Integration of data for nowcasting of harmful algal blooms

Harmful algal blooms (HABs) are a significant and potentially expanding problem around the world. Resource management and public health protection require sufficient information to reduce the impacts of HABs by response strategies and through warnings and advisories. To be effective, these programs can best be served by an integration of improved detection methods with both evolving monitoring systems and new communications capabilities. Data sets are typically collected from a variety of sources, these can be considered as several types: point data, such as water samples; transects, such as from shipboard continuous sampling; and synoptic, such as from satellite imagery. Generation of a field of the HAB distribution requires all of these sampling approaches. This means that the data sets need to be interpreted and analyzed with each other to create the field or distribution of the HAB. The HAB field is also a necessary input into models that forecast blooms. Several systems have developed strategies that demonstrate these approaches. These range from data sets collected at key sites, such as swimming beaches, to automated collection systems, to integration of interpreted satellite data. Improved data collection, particularly in speed and cost, will be one of the advances of the next few years. Methods to improve creation of the HAB field from the variety of data types will be necessary for routine nowcasting and forecasting of HABs.

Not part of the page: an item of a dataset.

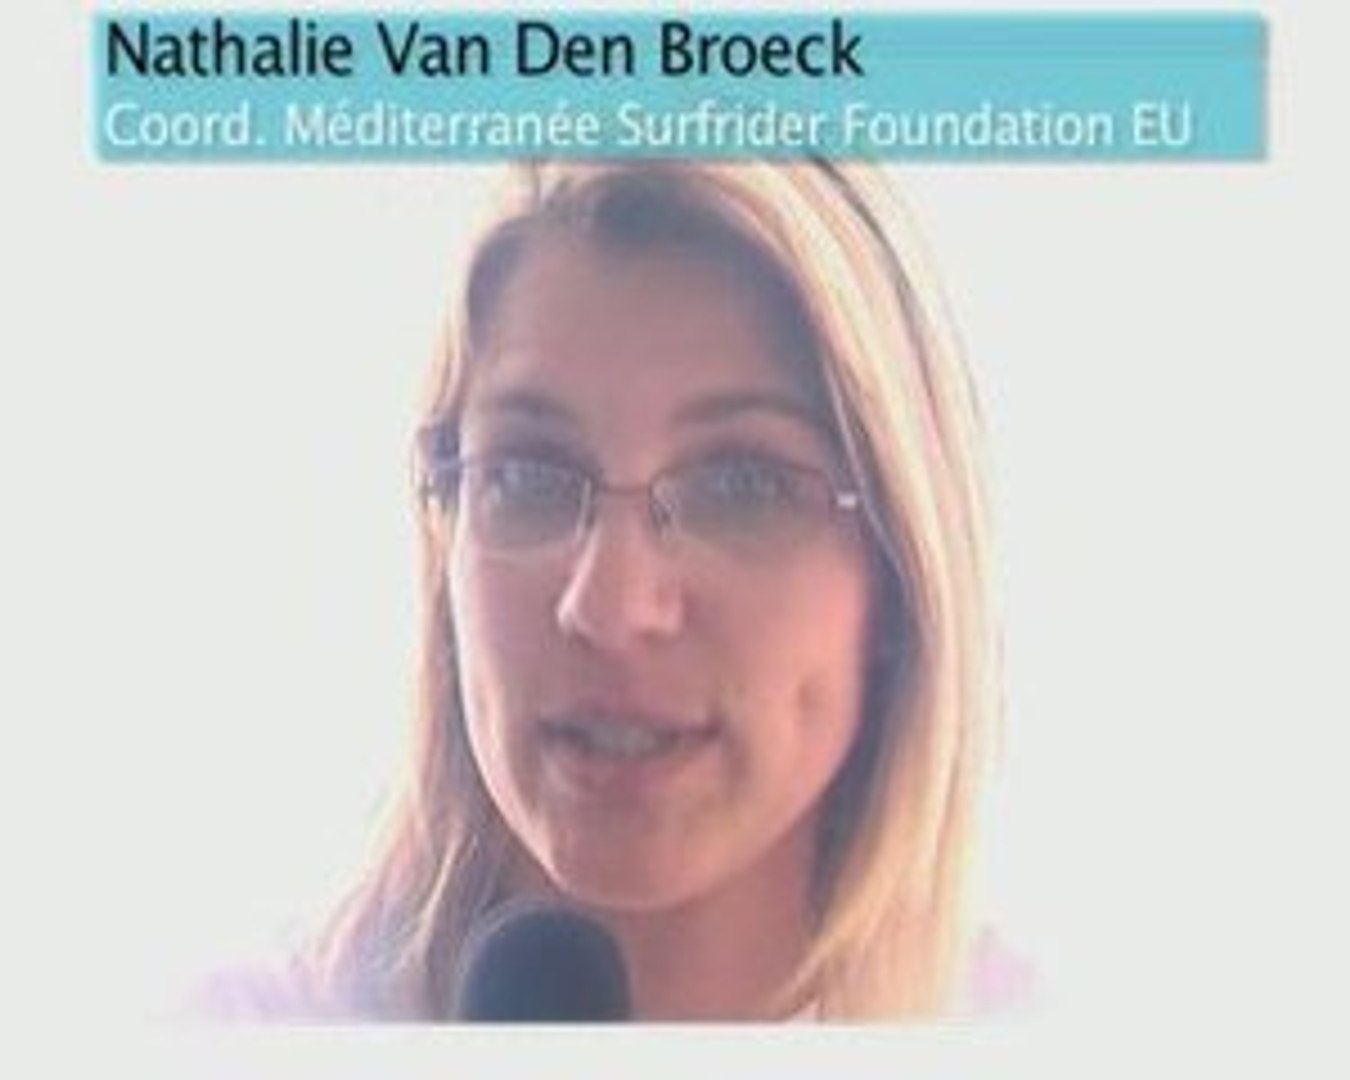 Nathalie Van Den Broeck de SURFRIDER FOUNDATION EU /01 - Vidéo Dailymotion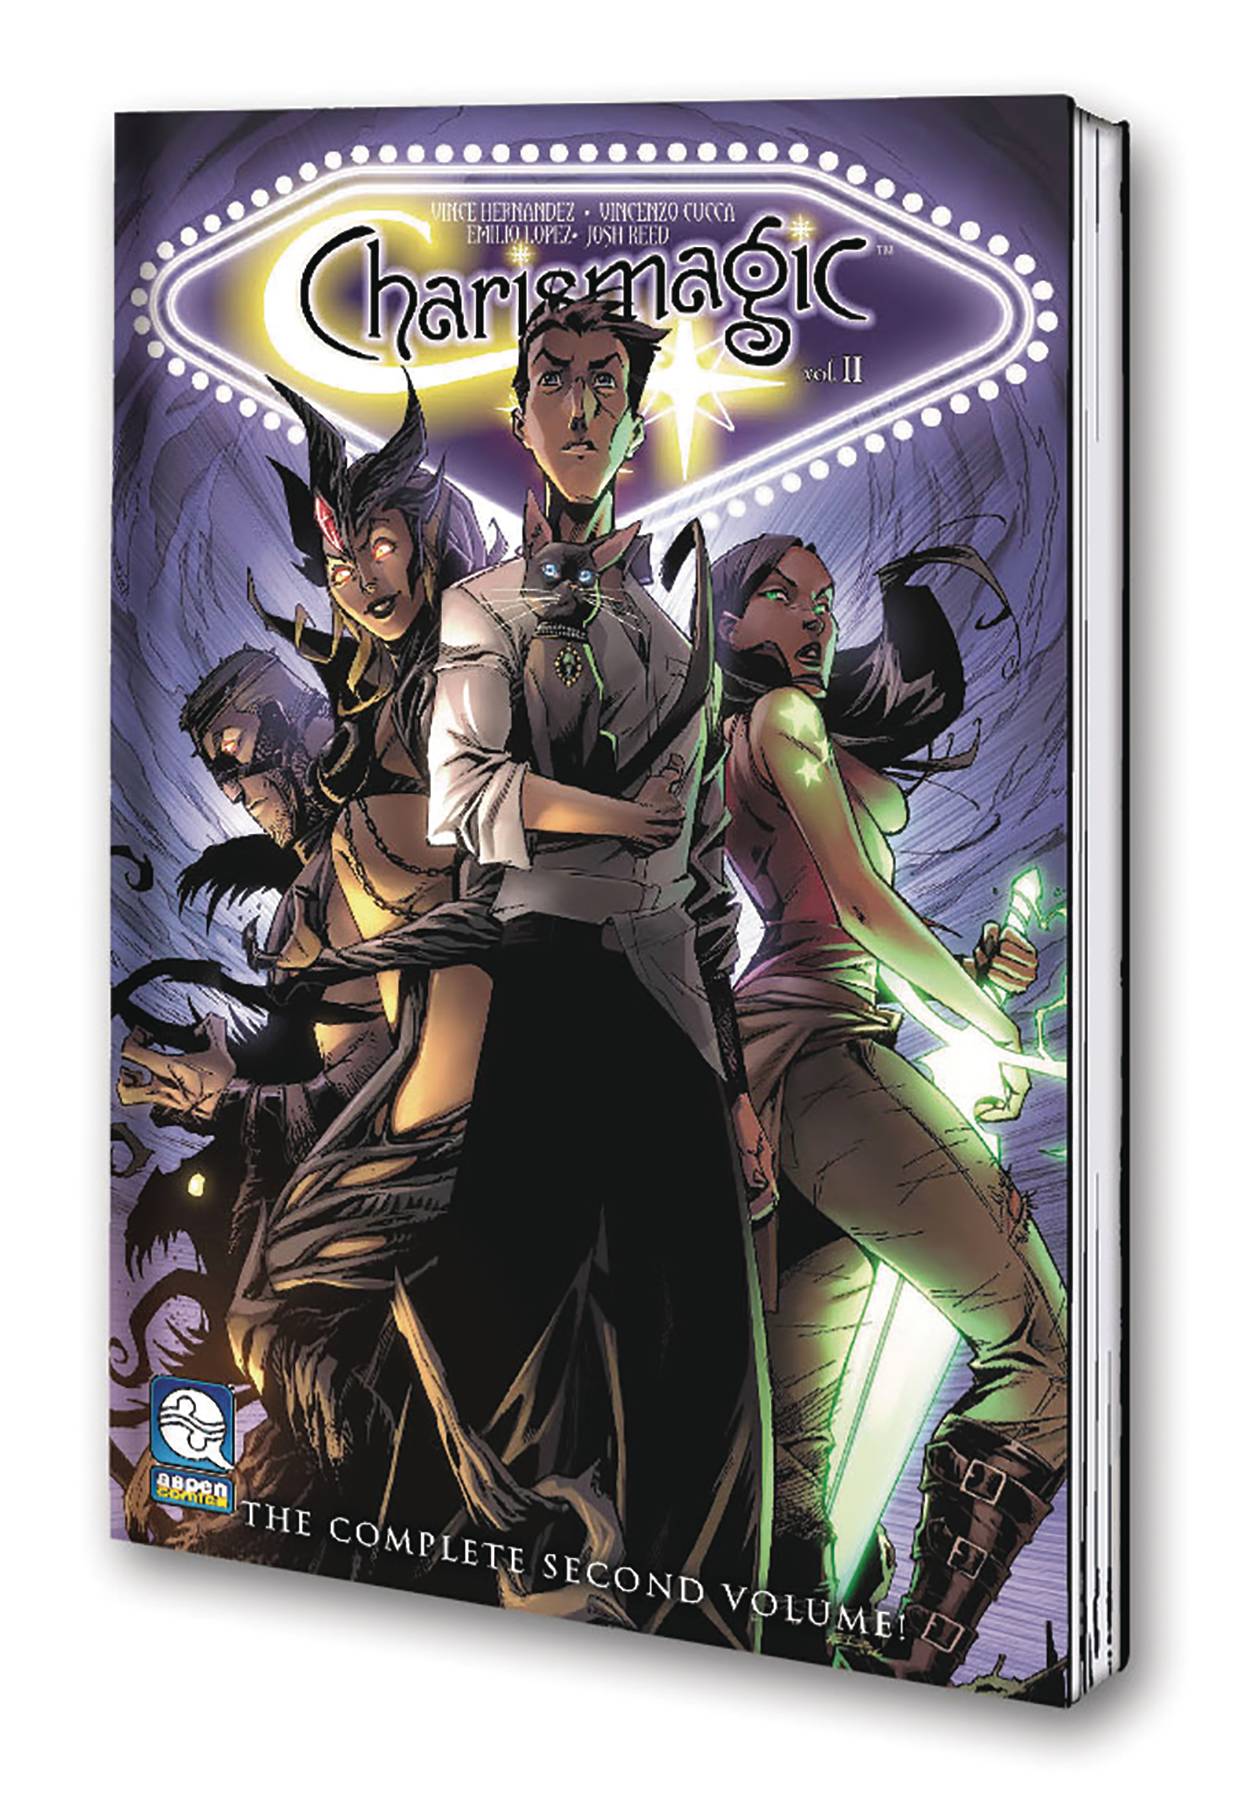 Charismagic Graphic Novel Volume 2 Golden Realm

Scientific assessment of marine harmful algal blooms

Algae are the most abundant photosynthetic organisms in marine ecosystems and are essential components of marine food webs. Harmful algal bloom or “HAB” species are a small subset of algal species that negatively impact humans or the environment. HABs can pose health hazards for humans or animals through the production of toxins or bioactive compounds. They also can cause deterioration of water quality through the buildup of high biomass, which degrades aesthetic, ecological, and recreational values. Humans and animals can be exposed to marine algal toxins through their food, the water in which they swim, or sea spray. Symptoms from toxin exposure range from neurological impairment to gastrointestinal upset to respiratory irritation, in some cases resulting in severe illness and even death. HABs can also result in lost revenue for coastal economies dependent on seafood harvest or tourism, disruption of subsistence activities, loss of community identity tied to coastal resource use, and disruption of social and cultural practices. Although economic impact assessments to date have been limited in scope, it has been estimated that the economic effects of marine HABs in U.S. communities amount to at least $82 million per year including lost income for fisheries, lost recreational opportunities, decreased business in tourism industries, public health costs of illness, and expenses for monitoring and management. As reviewed in the report, Harmful Algal Research and Response: A Human Dimensions Strategy1, the sociocultural impacts of HABs may be significant, but remain mostly undocumented.